ENTHALPY OF FORMATION OF GLUCOSE

Course: Chem 220

Name: Ramy Chaoul

Instructor: Dr. Samar Sadek

Group (C)

Date: 25/02/20131

Ramy Chaoul

Abstract:

The purpose of this experiment is to measure the heat of combustion of glucose using a constant–volume bomb calorimeter; where heat causes an increase or rise of the temperature by the calorimeter is which is evaluated and used to calculate the change of energy during combustion. Thus we can use this data to and apply thermodynamic relations to calculate the enthalpy of combustion and the enthalpy of formation of glucose. To determine the specific heat capacity (Cv) of the bomb calorimeter we standardize it by the use of benzoic acid pellets of which the heat capacity (Cv Benzoic acid) is known to and thus enables the determination of the calorimeter heat capacity. We also use the benzoic acid for spiking and triggering glucose combustion. After calibration, we add a certain defined mass of benzoic acid to glucose, and thus glucose combustion is studied.

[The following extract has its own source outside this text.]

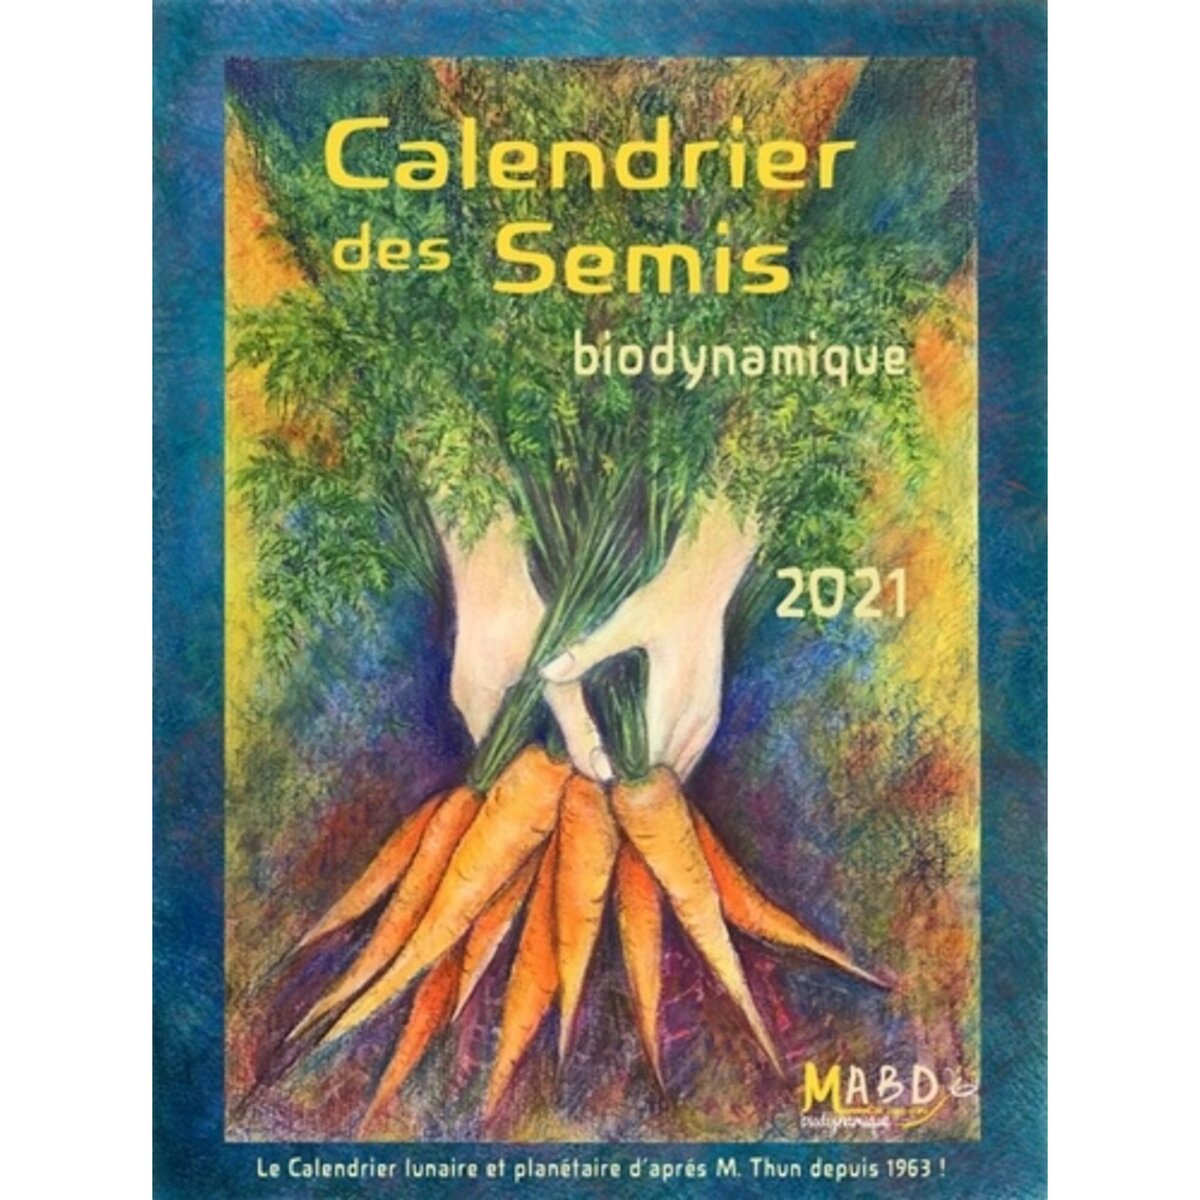  CALENDRIER DES SEMIS. BIODYNAMIQUE. JARDINAGE, AGRICULTURE. TENDANCES METEOROLOGIQUES, EDITION 2021, Thun Matthias
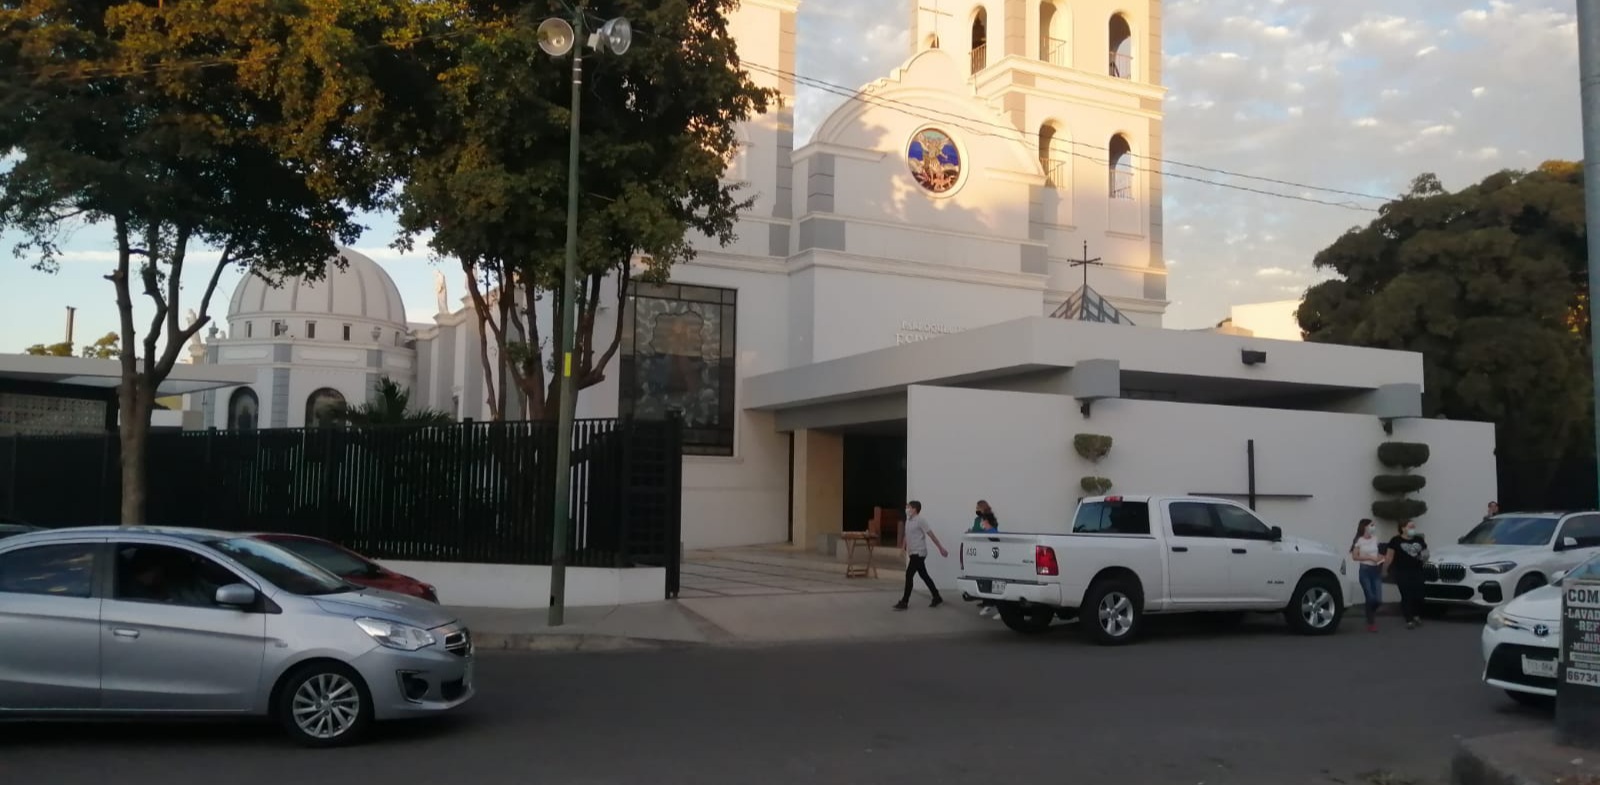 Militares interrumpen misa en Culiacán y detienen a tres – Cafe Negro Portal

Two sources of heat that cause a rise in temperature are considered as an error to be corrected; the first is the fuse combustion while the second is due to the presence of N2 in the bomb calorimeter. We determine the increase in temperature due to the fuse combustion by weighing the fuse before and after each run; while the nitric oxide in the calorimeter is converted to nitric acid when it reacts with water, and thus to correct for N2 present as part of entrapped air, a titration with standardized base of sodium carbonate is conducted. Our obtained values for ΔHcombustion and ΔHo

formation are -3855.854 KJ/mol and -609.1805 KJ/mol respectively, with % errors of (13.45%) and (29.79%)respectively.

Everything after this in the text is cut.